DATA SEGMENT Block Start

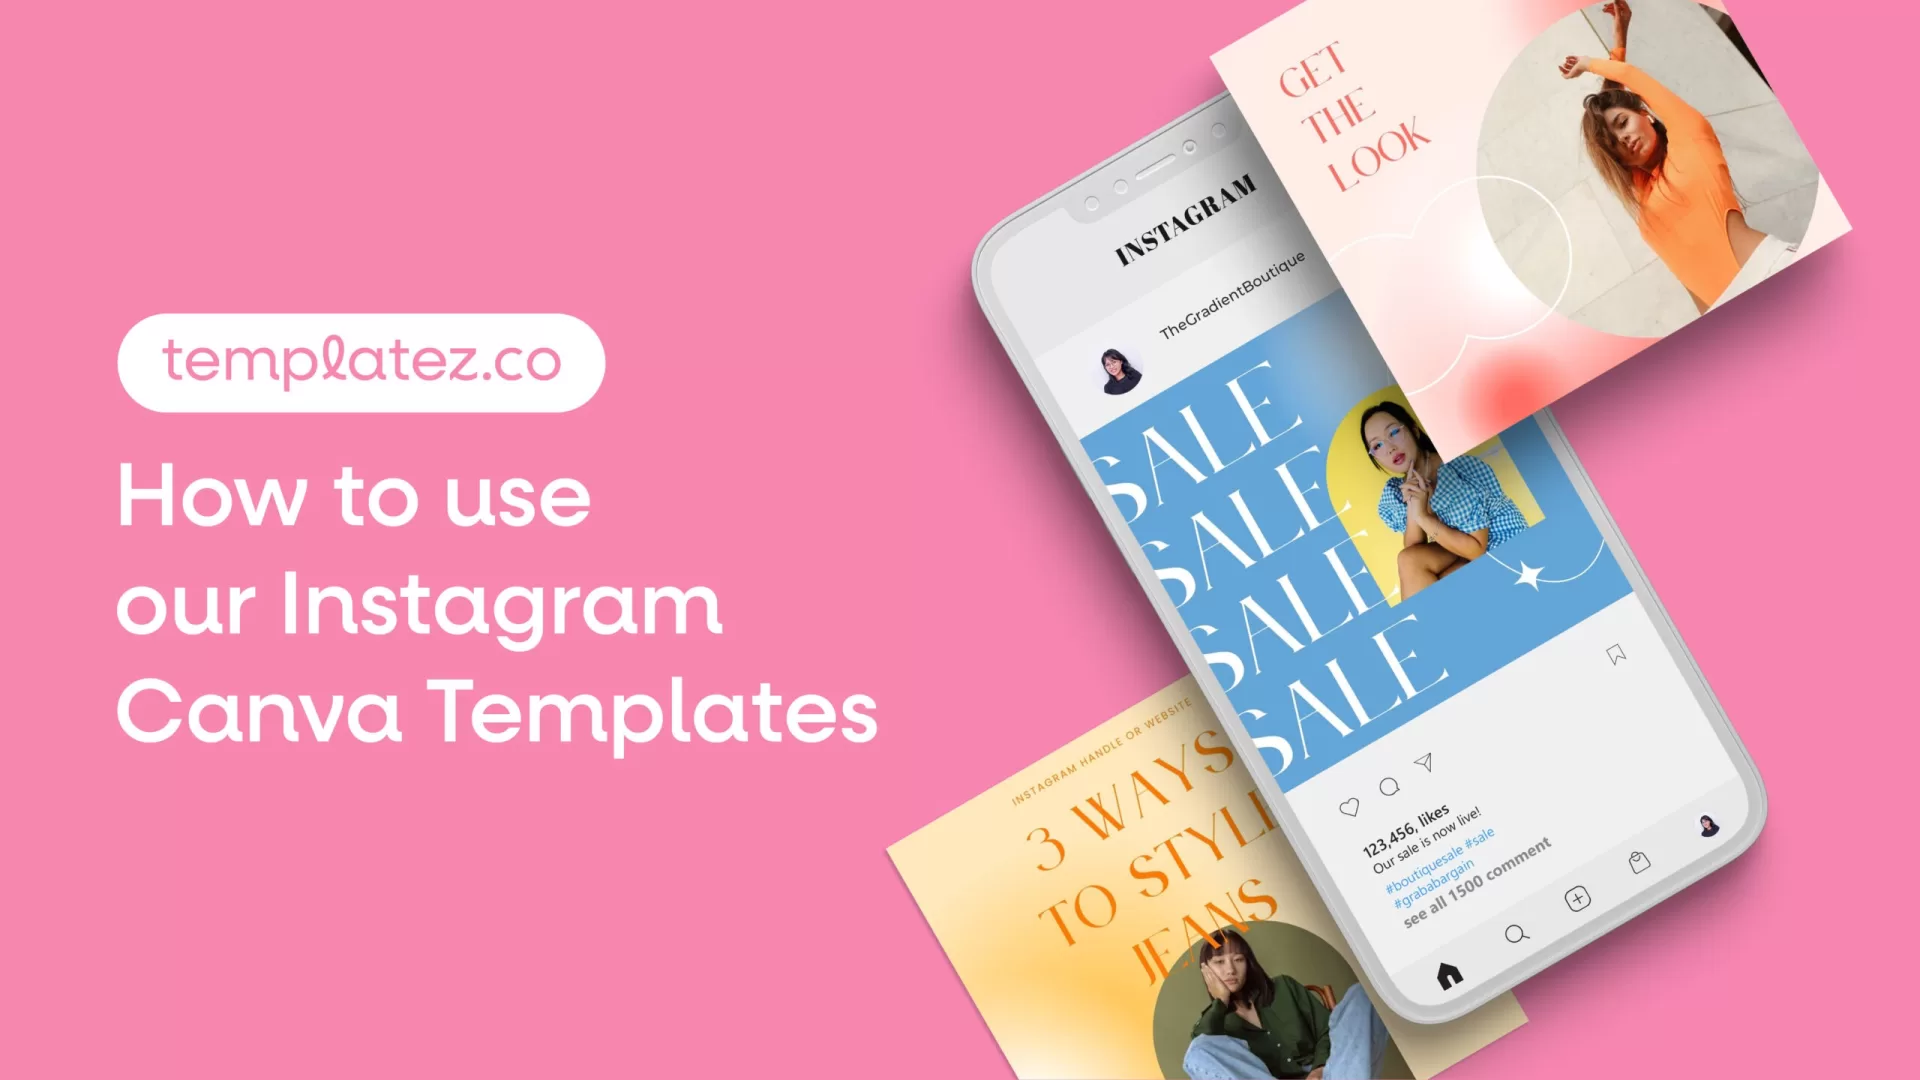 How to use our Instagram Canva Templates
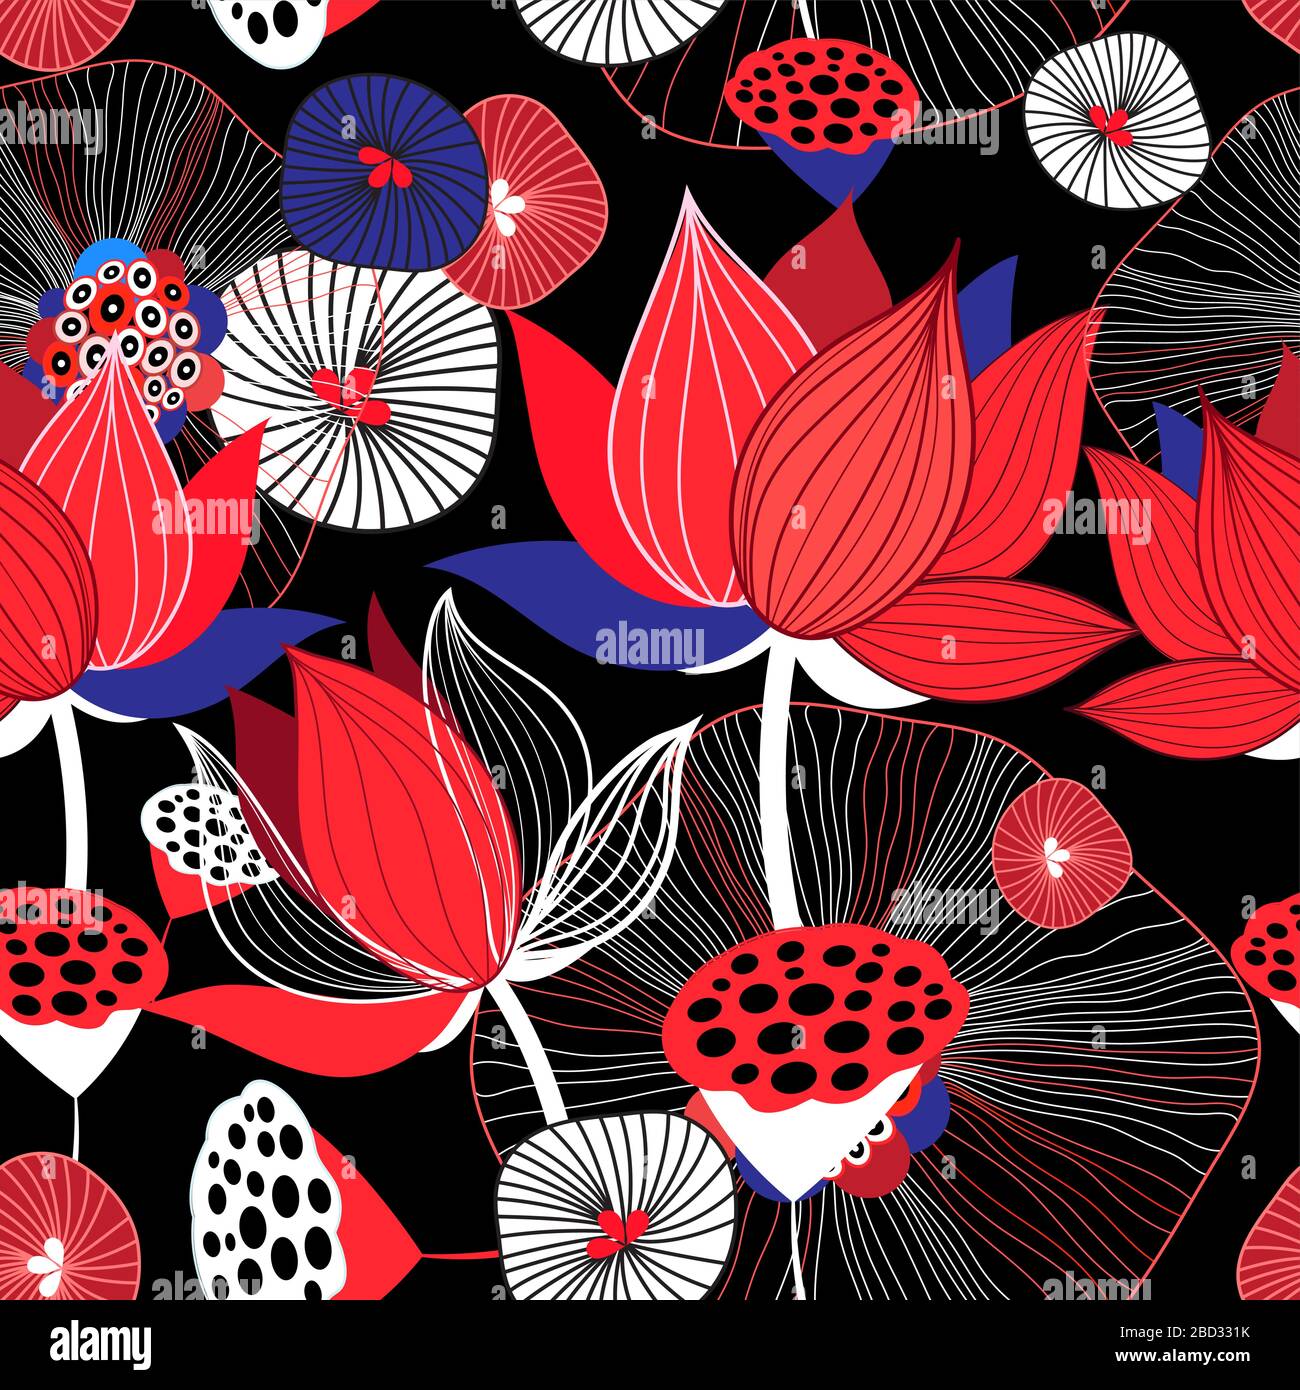 Seamless bright floral background with red lotuses and leaves on dark background Stock Vector
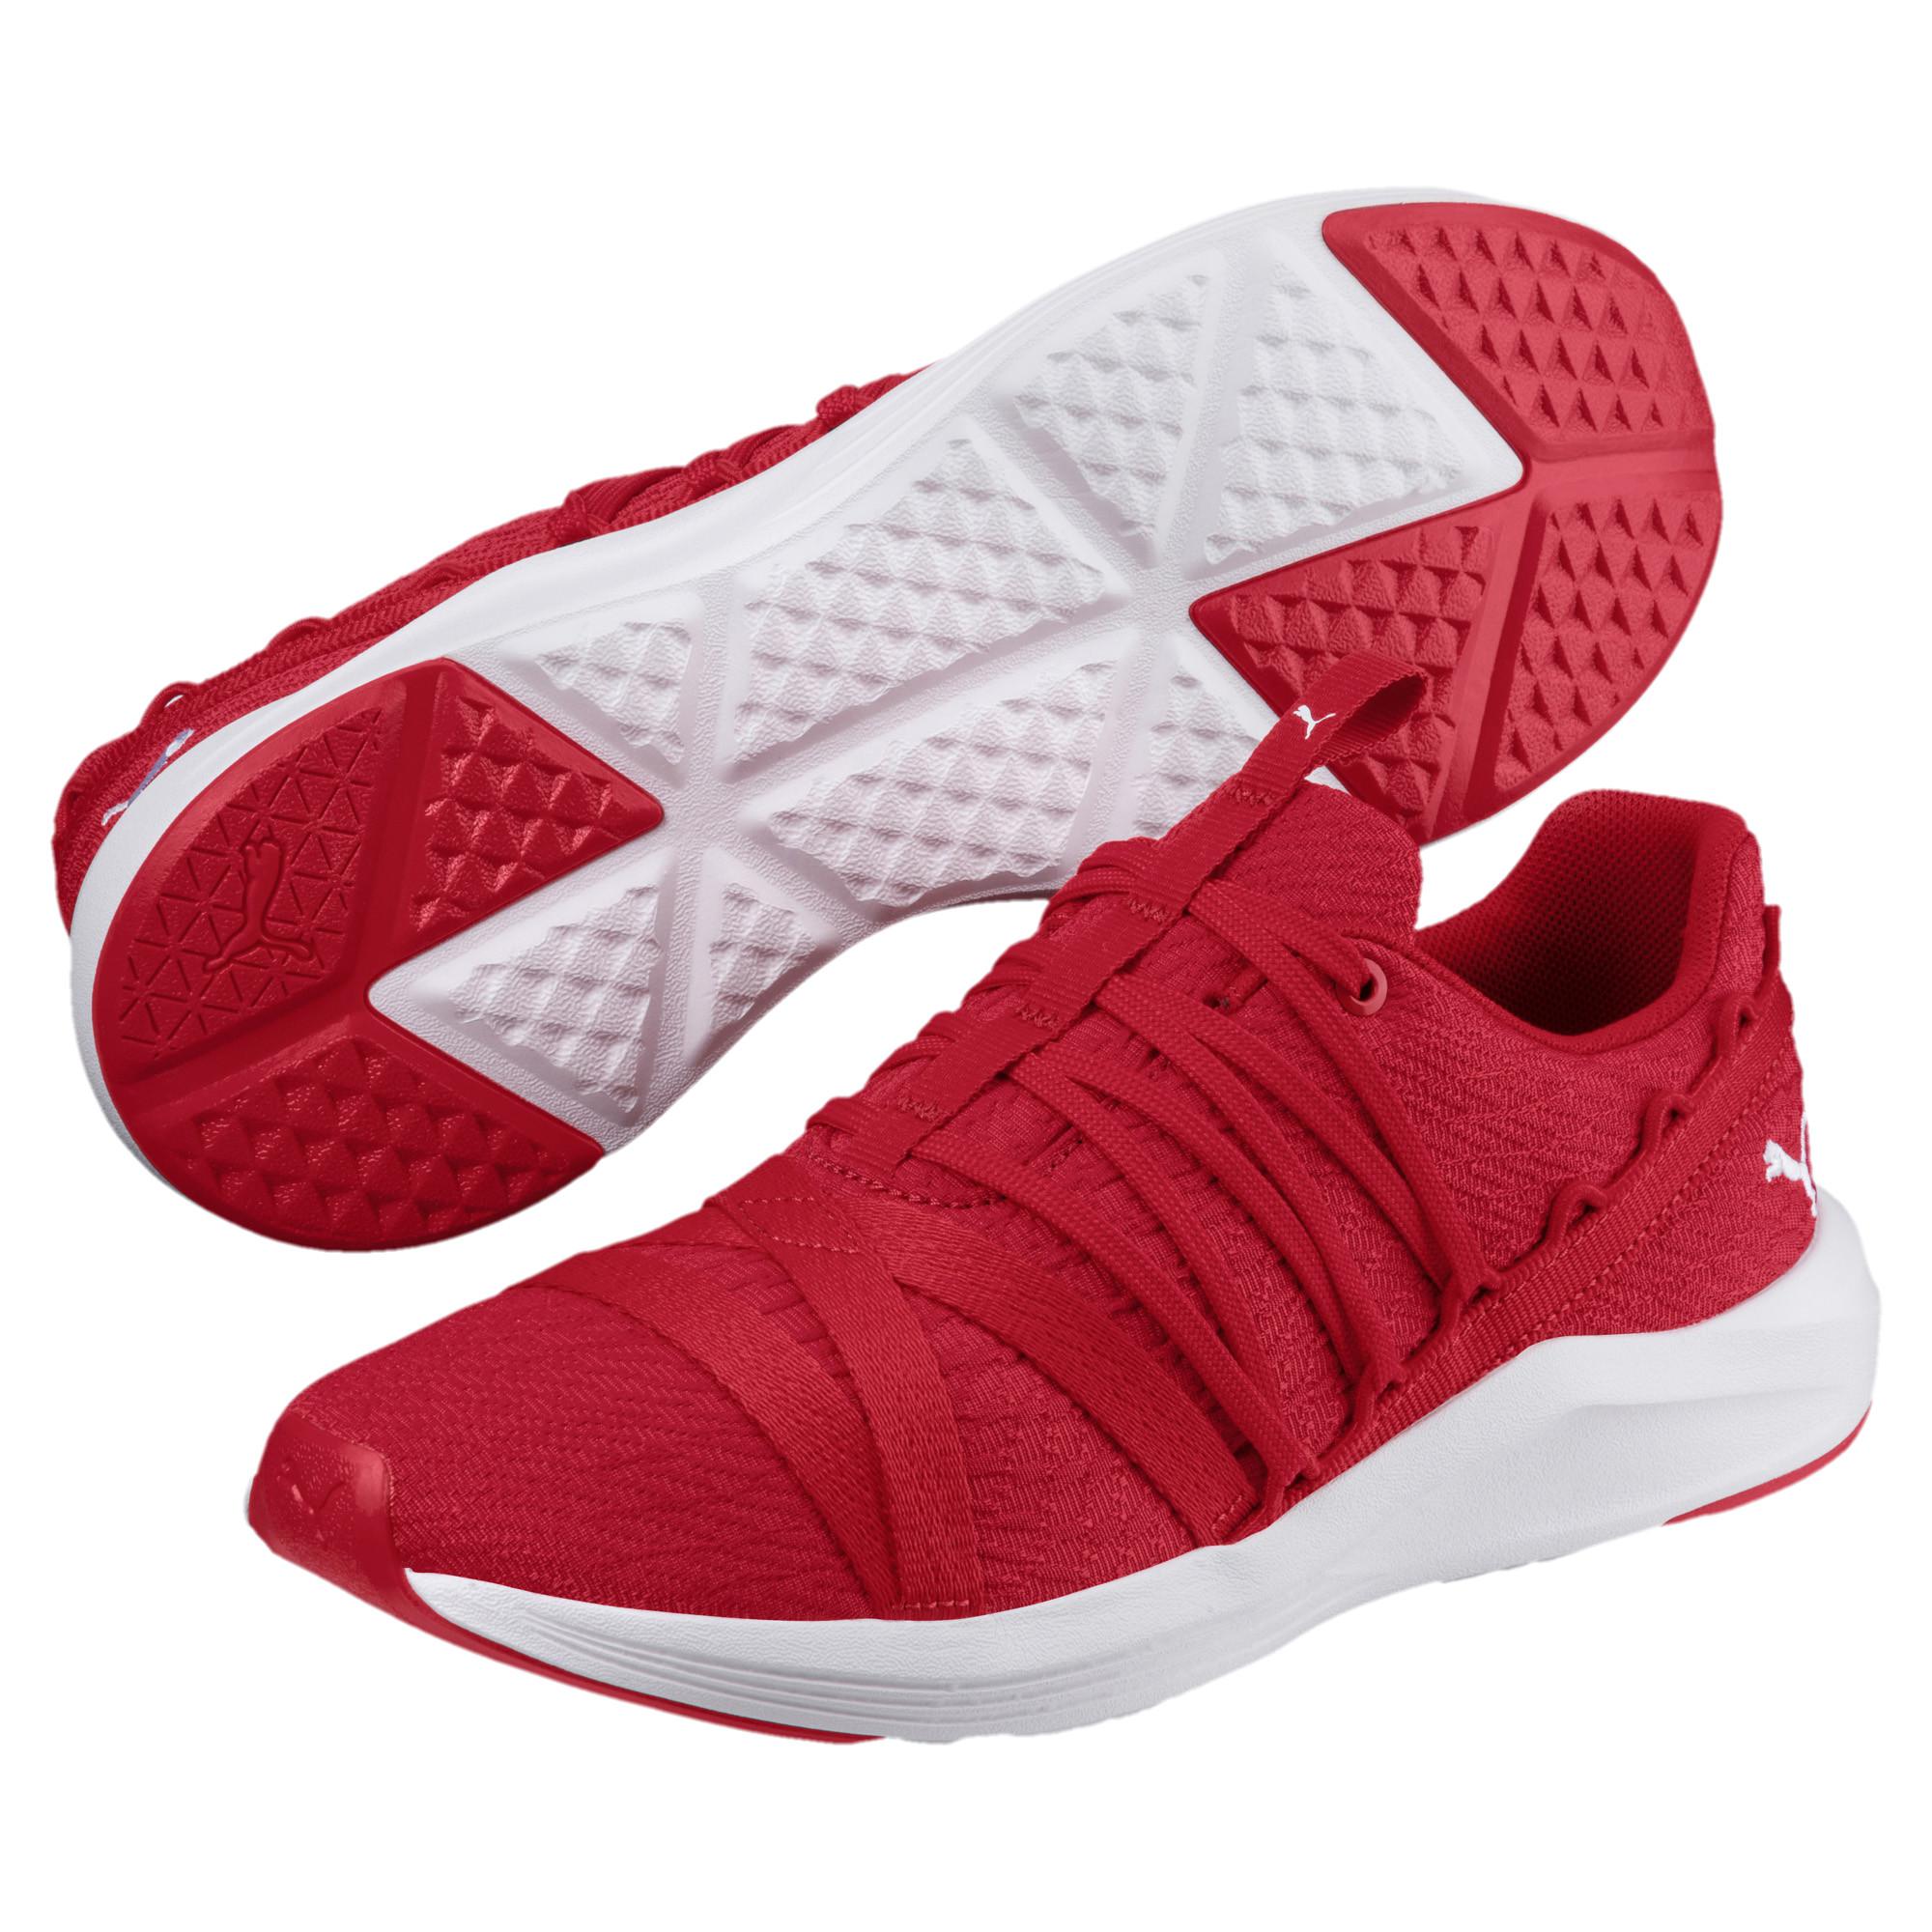 PUMA Prowl Alt 2 Women's Training Shoes in Red - Lyst

DATA SEGMENT Block End

No picture belongs in the copy; return the rest of the listing exactly.

 How to use our Instagram Canva Templates
 Seamless bright floral background with red lotuses and leaves on dark background Stock Vector
 PUMA Prowl Alt 2 Women's Training Shoes in Red - Lyst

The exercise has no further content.